Fourth of July: Audrey Flack’s Fourth of July Still Life

Katy Thompson, Associate Director of Education

“What does Independence mean to me?” This is the question that, in 1975, the Lorillard Tobacco Co. in New York asked 12 American artists: Will Barnet, Colleen Browning, Audrey Flack, Red Grooms, Joseph Hirsch, Robert Indiana, Alex Katz, Jacob Lawrence, Marisol Escobar, Larry Rivers, Edward Ruscha, and Fritz Scholder. Commissioned to celebrate the 1976 Bicentennial of American Independence, the Kent Bicentennial Portfolio: Spirit of Independence (1975) comprises the response of each artist, in print form, to the above question.

FWMoA holds the full portfolio in our permanent collection, and in 2020 we looked at two of the prints: Fritz Scholder’s Bicentennial Indian and Marisol’s Women’s Equality. Today, we’re shuffling back through them to look at Audrey Flack’s Fourth of July Still Life.

Audrey Flack, American, b. 1931. Fourth of July Still Life, from the Kent Bicentennial Portfolio: Spirit of Independence. Screenprint on paper, 1975. Gift of the Lorillard Co., 1976.05.3. Image courtesy of FWMoA.

Take a moment to examine the individual objects in Flack’s still life. Where did your eyes go first? I noticed the engraved portrait of George Washington in the right-hand corner. Arguably the most well-known and revered figure in American history, even on the sidelines his enigmatic presence draws attention. From there, my eyes went to the figurines in uniform, then to the replica Liberty Bell (a piggy bank!) in front of the American flag and bronze eagle, but tucked behind the trumpet, to the red-white-and-blue crêpe paper and reflective surface. Lastly, my eyes settled on the string of silver beads. Drawing on her memories of the 4th of July, Flack assembled objects which she felt reflected her American childhood growing up in New York. Hoping to evoke the feelings, sounds, and colors of America, Flack stated that she “tried to create an absolutely American still life”. Did she succeed? Can you imagine the sound of the trumpet? The crinkle of the crêpe paper as its strewn on a porch balcony or stairwell banister?

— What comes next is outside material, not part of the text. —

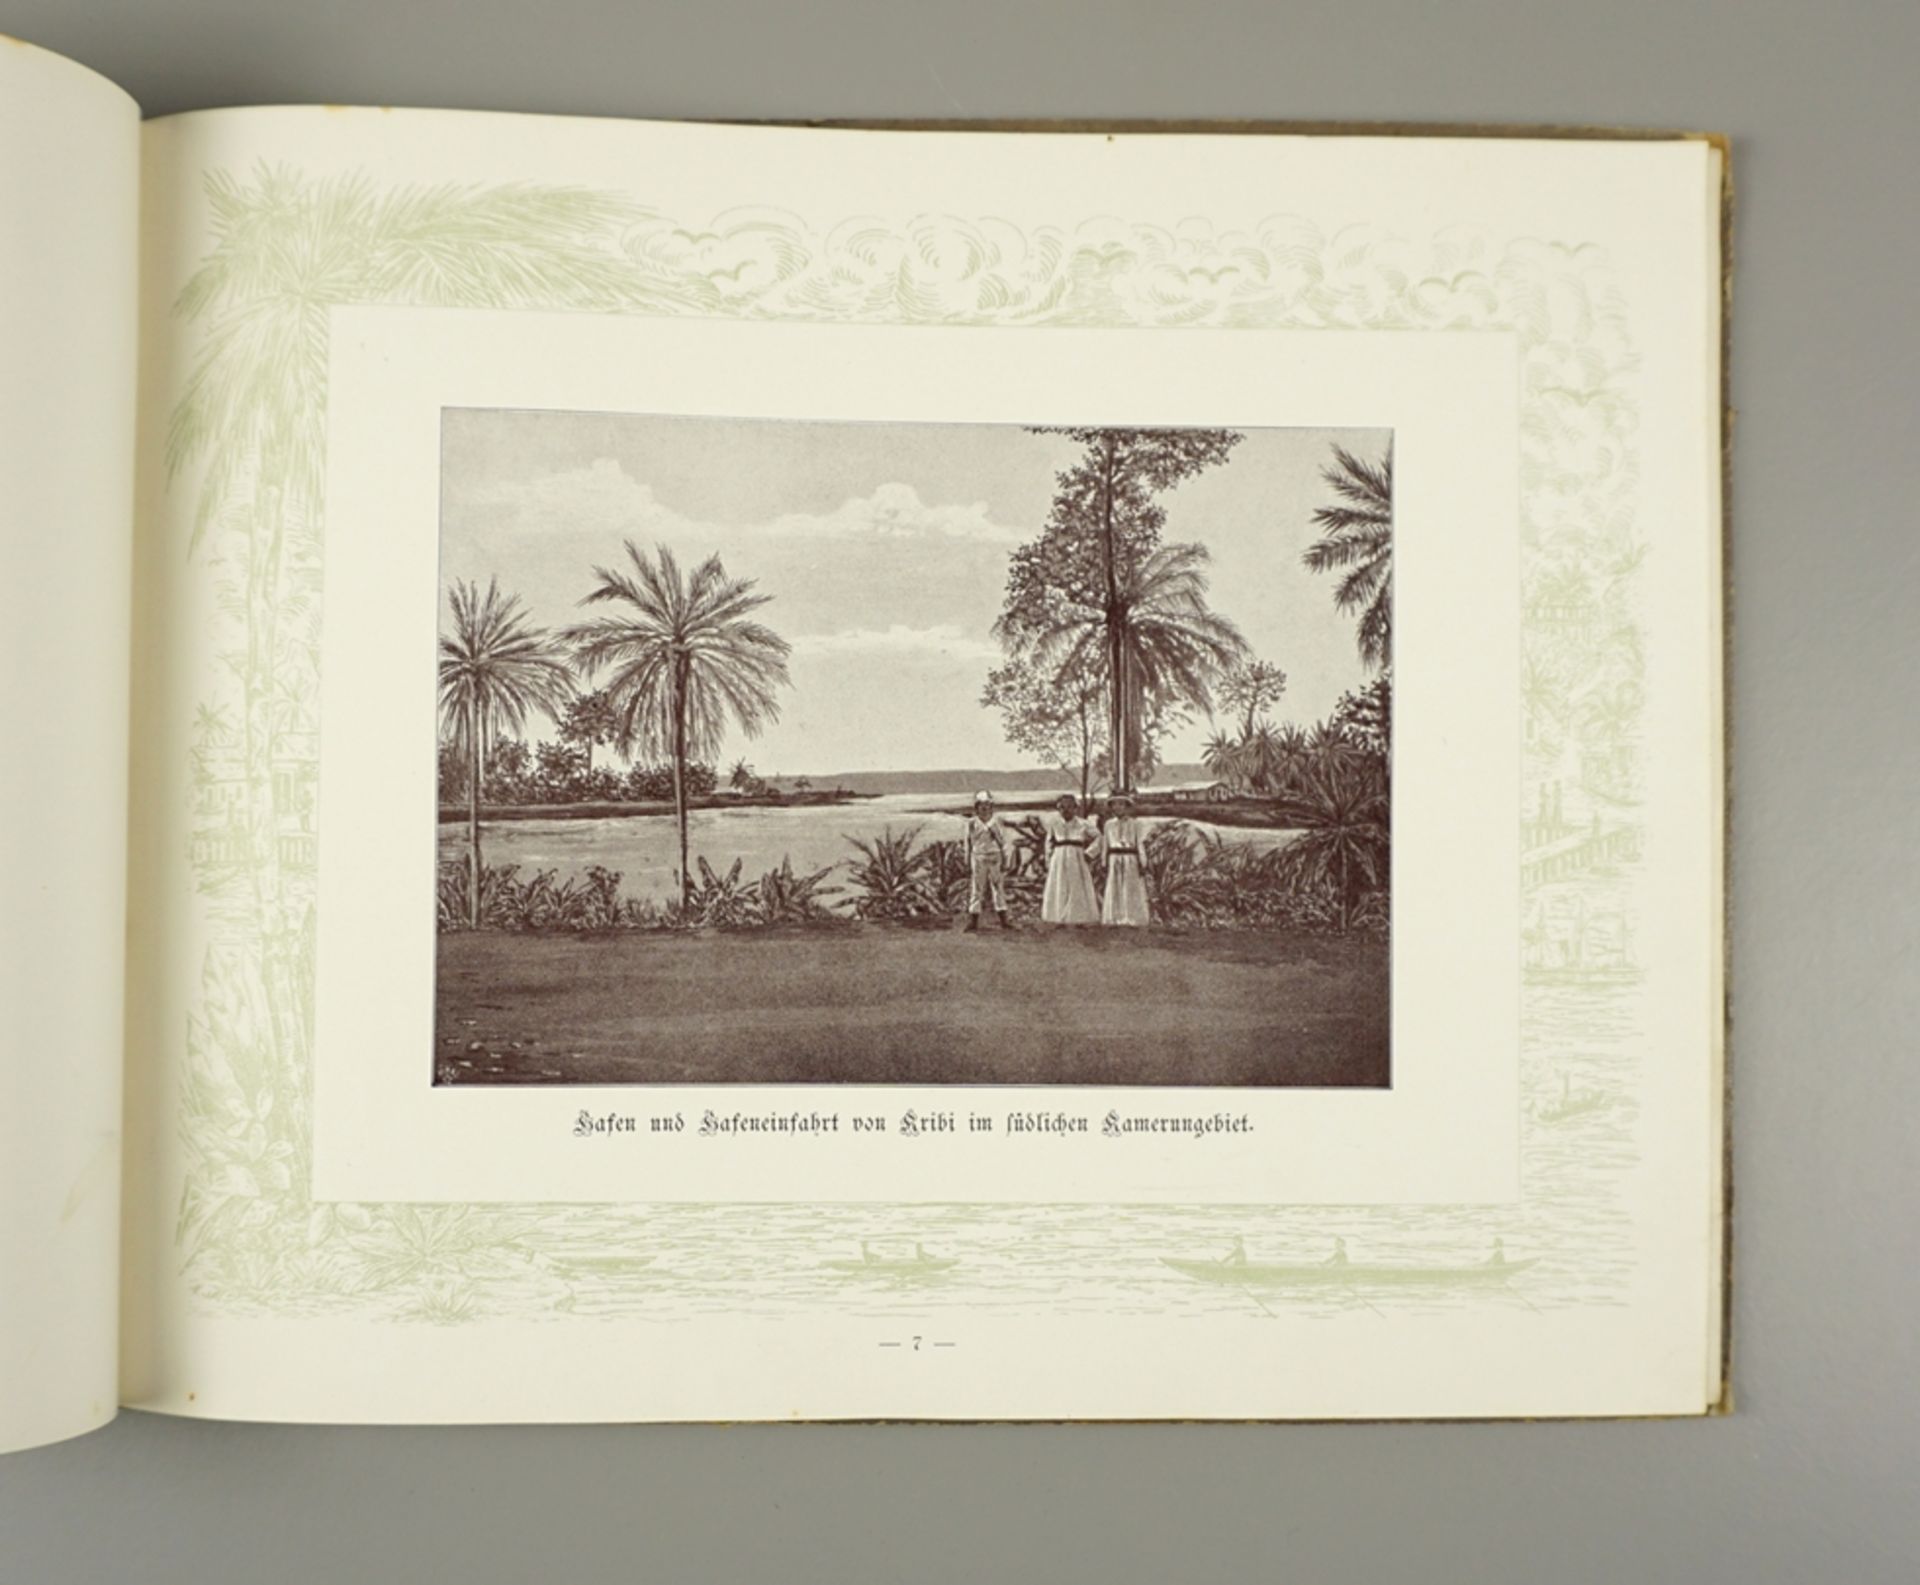 Bildband "Unser Kamerun", Verlag Gustav Poetzsch, Magdeburg, 1899 - Bild 3 aus 3

The pop and crackle of the firecrackers?

Playing on the consumerist culture of the 70s, many referred to this time as the “BUYcentennial SELLabration”, and Flack’s objects connect to both the commercialization of Independence day and the iconography of the day itself. At the time, the country was grappling with inflation, the end of the Vietnam War, an energy crisis, and the ramifications of the women’s liberation and Civil Rights movements. Can you connect any of the objects to these economic, social, and political issues? The tea and Liberty Bell are obvious nods to the founding of the country, but what about the fireworks? The silver beads? By incorporating everyday objects associated with specific cultural meaning, like the fireworks, she presents a specific facet of the country’s narrative recognizable to all Americans.

Working from photographs, Flack is a photorealist painter who, inspired by the Pop art movement that incorporated recognizable images into fine art, assembles inanimate household objects into table top still lives. Calling back to 17th century Dutch still life practice, Flack pioneered the “Super Realist” style and was the first Photorealist to have a painting purchased by the Museum of Modern Art (MoMA), in 1966, for their permanent collection. Taught by Josef Albers at Yale, her early work fell into Abstract Expressionism, studying the relationship between color and emotion. She shifted her practice gradually, as her want to communicate with her art grew, and experimented with multiple mediums, including printing and sculpture. While acceptable for an artist to work from photographs, placing the emphasis on reproducing the photographic quality was not; however, this approach lent itself to an end product with a purposeful narrative rendered in meticulous detail. The “literalness”, or recognizability, of her completed works opened her art to a larger, consumer audience that often finds abstraction off-putting or intimidating. Albers’ teaching is still evident, however, in the use of color and light that plays with and between the objects. The reflective surface of the table, the glossy red of the fig, the smoothness of plastic, and the brightness of the brass trumpet are all callbacks to her formative training. For Flack, art “is an exploration of visual data which has been going on for centuries, each artist contributing to the next generation’s advancement”, evidenced here in both her references to Dutch still life and the artifacts of American history.

How does Flack’s still life answer the posed question? What objects do you associate with Independence day, and which ones would you incorporate into a still life?